How to prove the statement. If x is an integer then x^2+3x+9 has a prime divisor p such that 3 is not a cubic residue mod p.
To prove the statement "If ( x ) is an integer, then ( x^2 + 3x + 9 ) has a prime divisor ( p ) such that 3 is not a cubic residue modulo ( p )," we can use properties of cubic residues and quadratic forms. Here's a step-by-step outline of the proof:
Quadratic Form Analysis: Consider the quadratic polynomial ( f(x) = x^2 + 3x + 9 ). We need to show that for any integer ( x ), there exists a prime ( p ) dividing ( f(x) ) such that 3 is not a cubic residue modulo ( p ).

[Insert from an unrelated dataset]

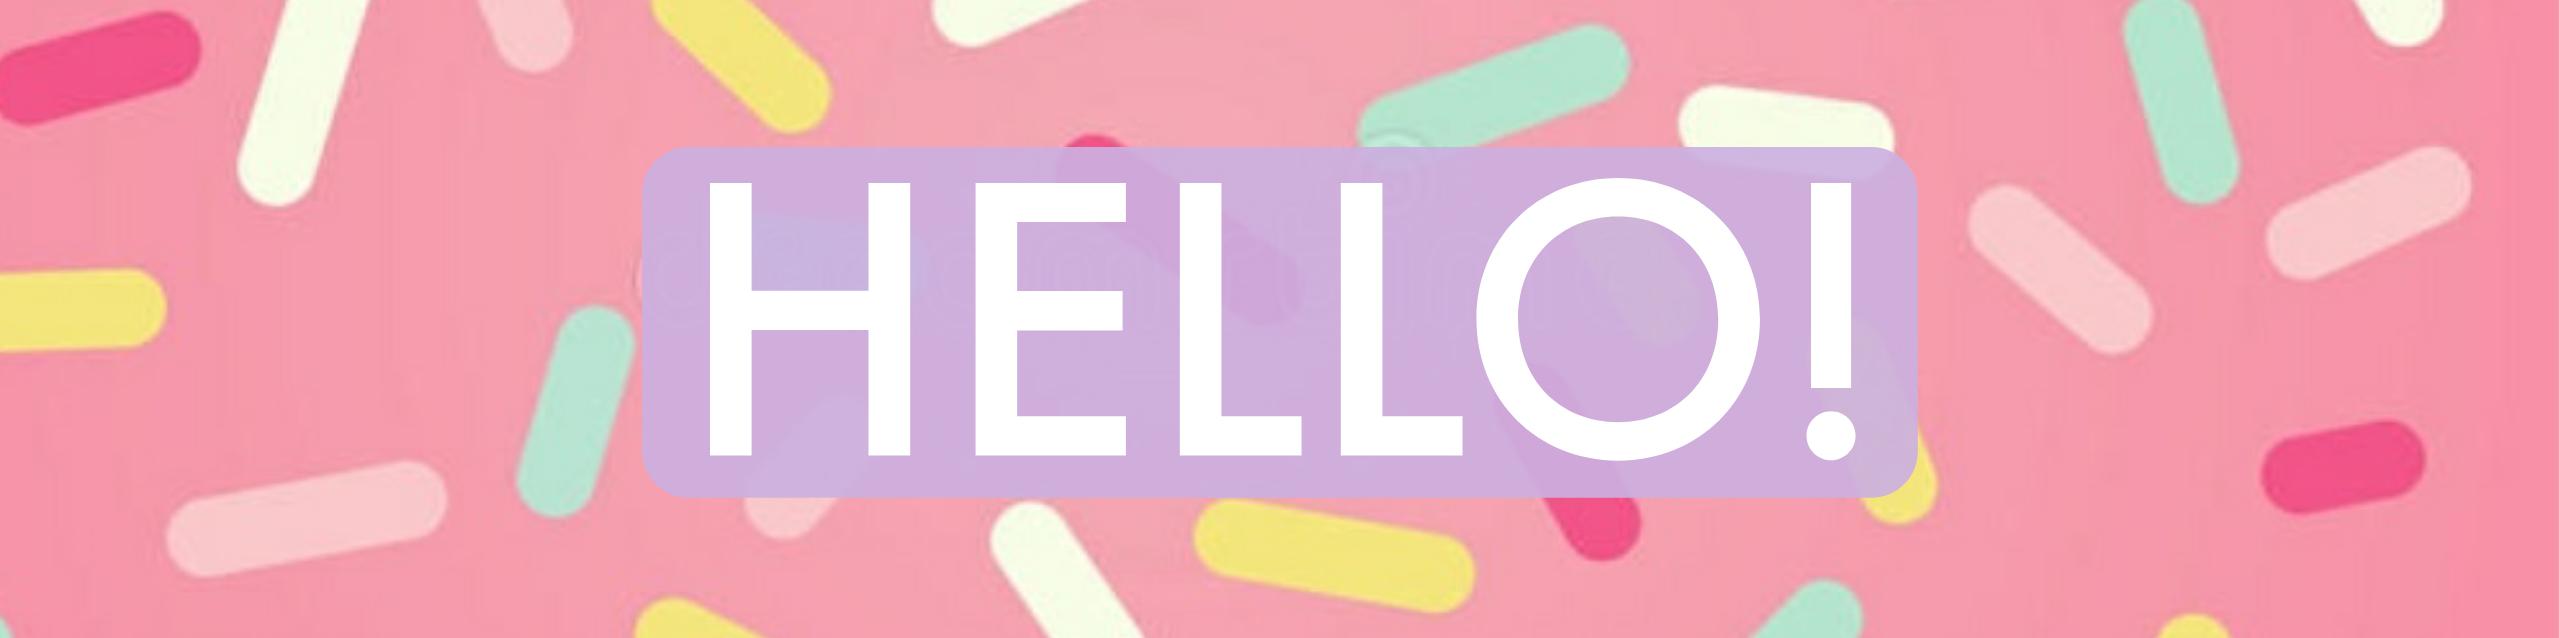 HELLOm.png
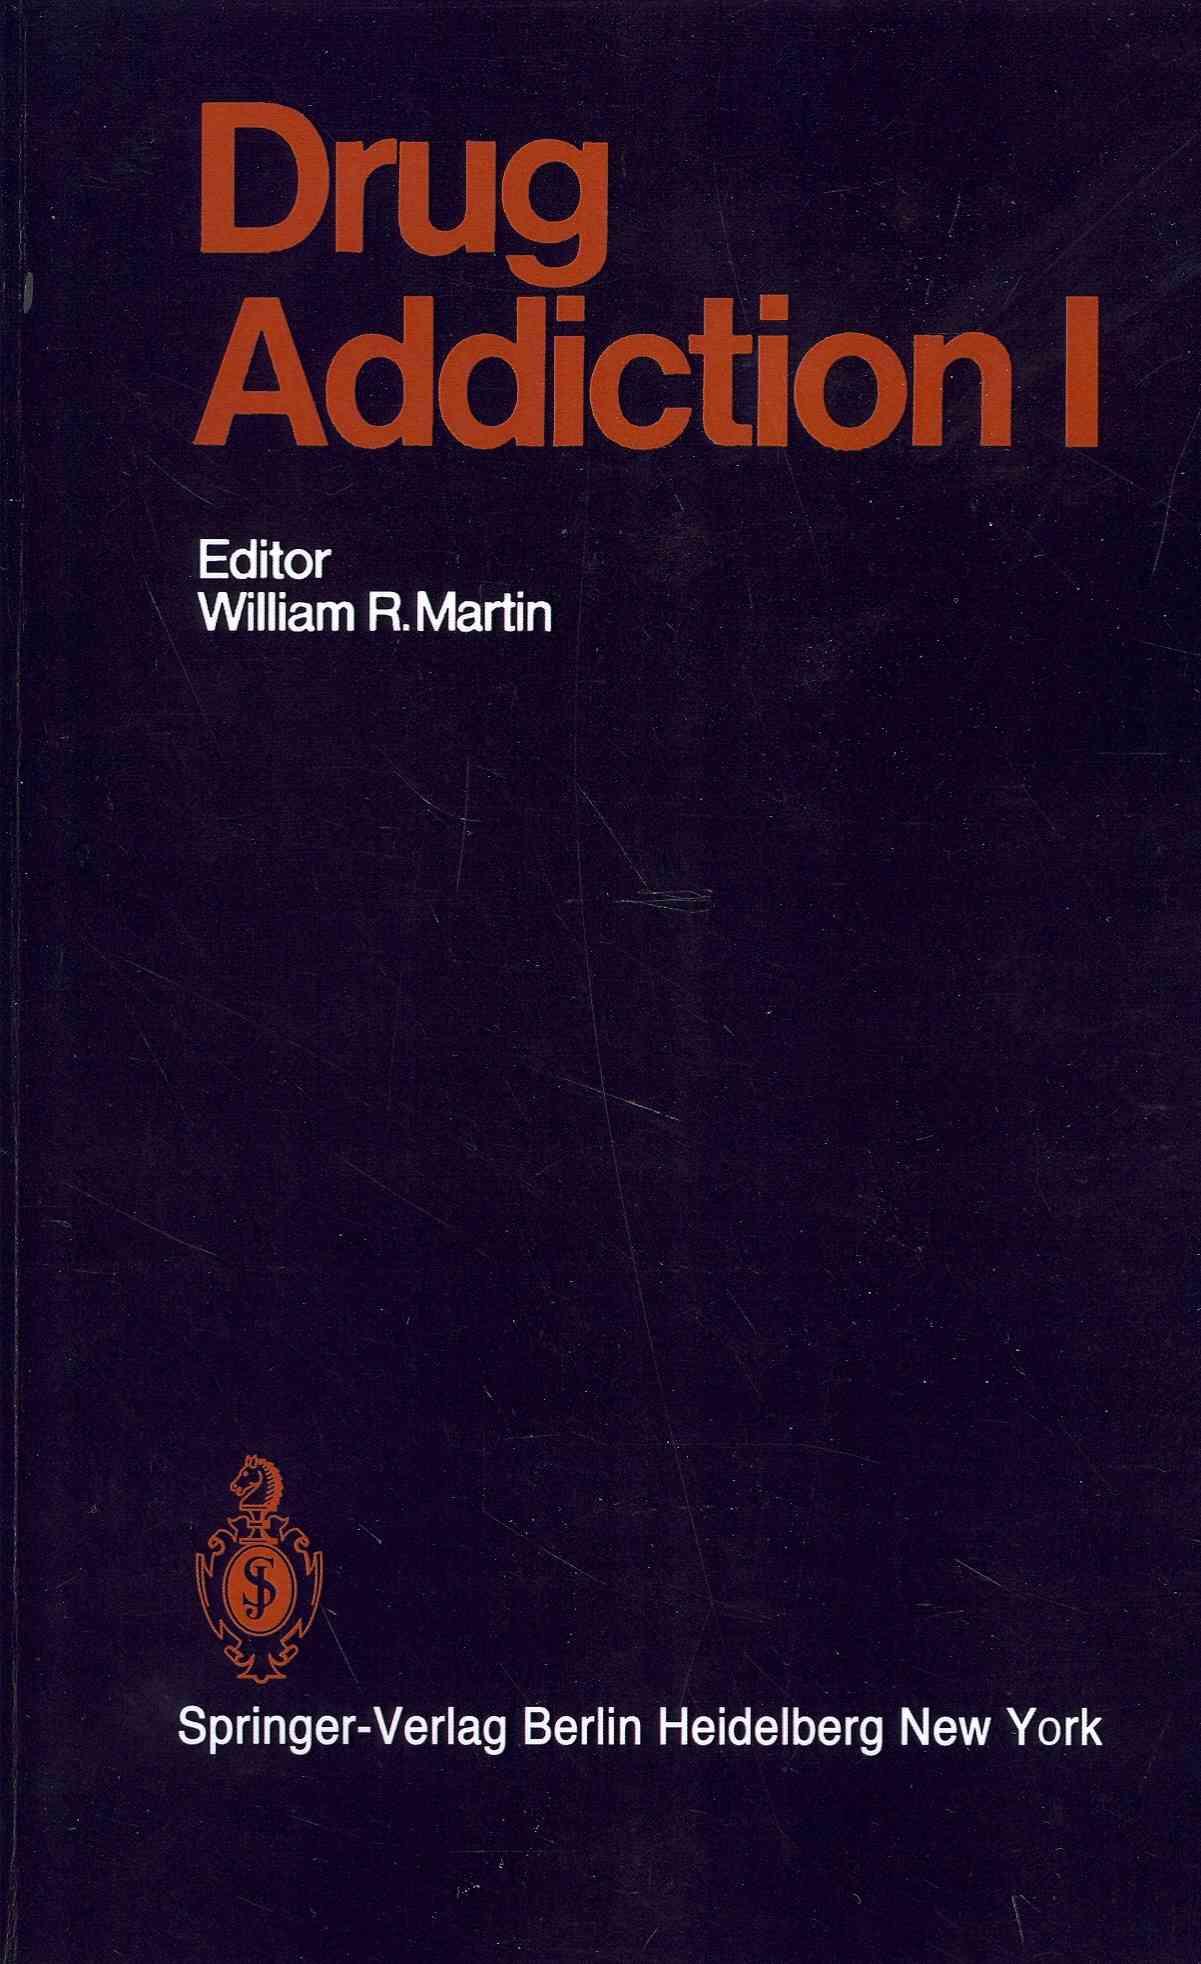 Drug Addiction I By Conrad, H. T. (CON)/ Fraser, H. F. (CON)/ Gorodetzky, C. W. (CON)/ Jasinski, D. R. (CON)/ Kielholz, P. (CON)

Prime Divisors: Let ( p ) be a prime divisor of ( f(x) ). This means ( p \mid f(x) ), i.e., ( p \mid x^2 + 3x + 9 ).
Cubic Residue Condition: We need to show that 3 is not a cubic residue modulo ( p ). Recall that a number ( a ) is a cubic residue modulo ( p ) if there exists an integer ( y ) such that ( y^3 \equiv a \pmod{p} ).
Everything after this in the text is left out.